** Problem requirements **
Given the material below, return only the lines starting at the line with "F1 23 Australia" and ending at the line with "Expresidente del Gobierno", exactly as they appear.

** Record excerpts **

——————————

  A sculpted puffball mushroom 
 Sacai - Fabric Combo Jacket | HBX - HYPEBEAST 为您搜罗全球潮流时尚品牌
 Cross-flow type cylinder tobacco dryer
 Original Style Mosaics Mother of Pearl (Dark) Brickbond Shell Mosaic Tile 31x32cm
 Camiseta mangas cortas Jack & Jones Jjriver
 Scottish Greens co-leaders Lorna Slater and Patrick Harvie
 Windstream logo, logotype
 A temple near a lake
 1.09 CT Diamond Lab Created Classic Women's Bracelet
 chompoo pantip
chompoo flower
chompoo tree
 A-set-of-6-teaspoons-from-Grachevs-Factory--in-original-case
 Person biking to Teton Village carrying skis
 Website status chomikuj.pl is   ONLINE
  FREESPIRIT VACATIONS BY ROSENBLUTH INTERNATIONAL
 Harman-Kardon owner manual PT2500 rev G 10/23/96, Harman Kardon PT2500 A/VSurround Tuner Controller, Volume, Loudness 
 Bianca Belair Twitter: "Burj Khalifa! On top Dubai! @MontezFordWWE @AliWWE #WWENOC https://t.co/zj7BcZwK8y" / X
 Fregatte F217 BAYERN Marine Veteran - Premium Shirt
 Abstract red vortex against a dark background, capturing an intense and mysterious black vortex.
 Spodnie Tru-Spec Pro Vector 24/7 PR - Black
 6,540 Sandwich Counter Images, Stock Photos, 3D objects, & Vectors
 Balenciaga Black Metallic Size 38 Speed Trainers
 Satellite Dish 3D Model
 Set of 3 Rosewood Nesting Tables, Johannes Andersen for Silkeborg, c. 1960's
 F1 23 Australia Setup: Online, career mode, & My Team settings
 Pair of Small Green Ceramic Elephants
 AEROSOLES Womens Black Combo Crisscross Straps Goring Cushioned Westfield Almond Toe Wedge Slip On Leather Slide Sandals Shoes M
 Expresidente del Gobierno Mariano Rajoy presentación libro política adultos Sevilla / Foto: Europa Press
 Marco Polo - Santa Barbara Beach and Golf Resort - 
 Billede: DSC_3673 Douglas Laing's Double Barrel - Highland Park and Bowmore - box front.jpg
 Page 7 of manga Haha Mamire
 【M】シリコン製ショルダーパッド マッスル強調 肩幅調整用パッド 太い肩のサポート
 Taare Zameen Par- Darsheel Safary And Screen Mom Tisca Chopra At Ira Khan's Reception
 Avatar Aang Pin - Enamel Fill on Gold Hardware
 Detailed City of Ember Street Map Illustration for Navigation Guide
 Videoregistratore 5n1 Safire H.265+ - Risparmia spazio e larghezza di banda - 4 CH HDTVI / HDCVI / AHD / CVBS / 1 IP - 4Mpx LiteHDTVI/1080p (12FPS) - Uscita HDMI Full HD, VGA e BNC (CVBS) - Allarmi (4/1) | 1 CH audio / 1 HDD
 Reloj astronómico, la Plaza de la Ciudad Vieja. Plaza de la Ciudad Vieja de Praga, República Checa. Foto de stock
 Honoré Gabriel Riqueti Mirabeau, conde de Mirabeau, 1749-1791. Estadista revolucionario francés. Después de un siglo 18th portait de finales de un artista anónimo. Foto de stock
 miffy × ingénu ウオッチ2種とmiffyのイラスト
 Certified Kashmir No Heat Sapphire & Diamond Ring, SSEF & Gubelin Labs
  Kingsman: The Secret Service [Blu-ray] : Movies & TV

——————————

** Solution **
 F1 23 Australia Setup: Online, career mode, & My Team settings
 Pair of Small Green Ceramic Elephants
 AEROSOLES Womens Black Combo Crisscross Straps Goring Cushioned Westfield Almond Toe Wedge Slip On Leather Slide Sandals Shoes M
 Expresidente del Gobierno Mariano Rajoy presentación libro política adultos Sevilla / Foto: Europa Press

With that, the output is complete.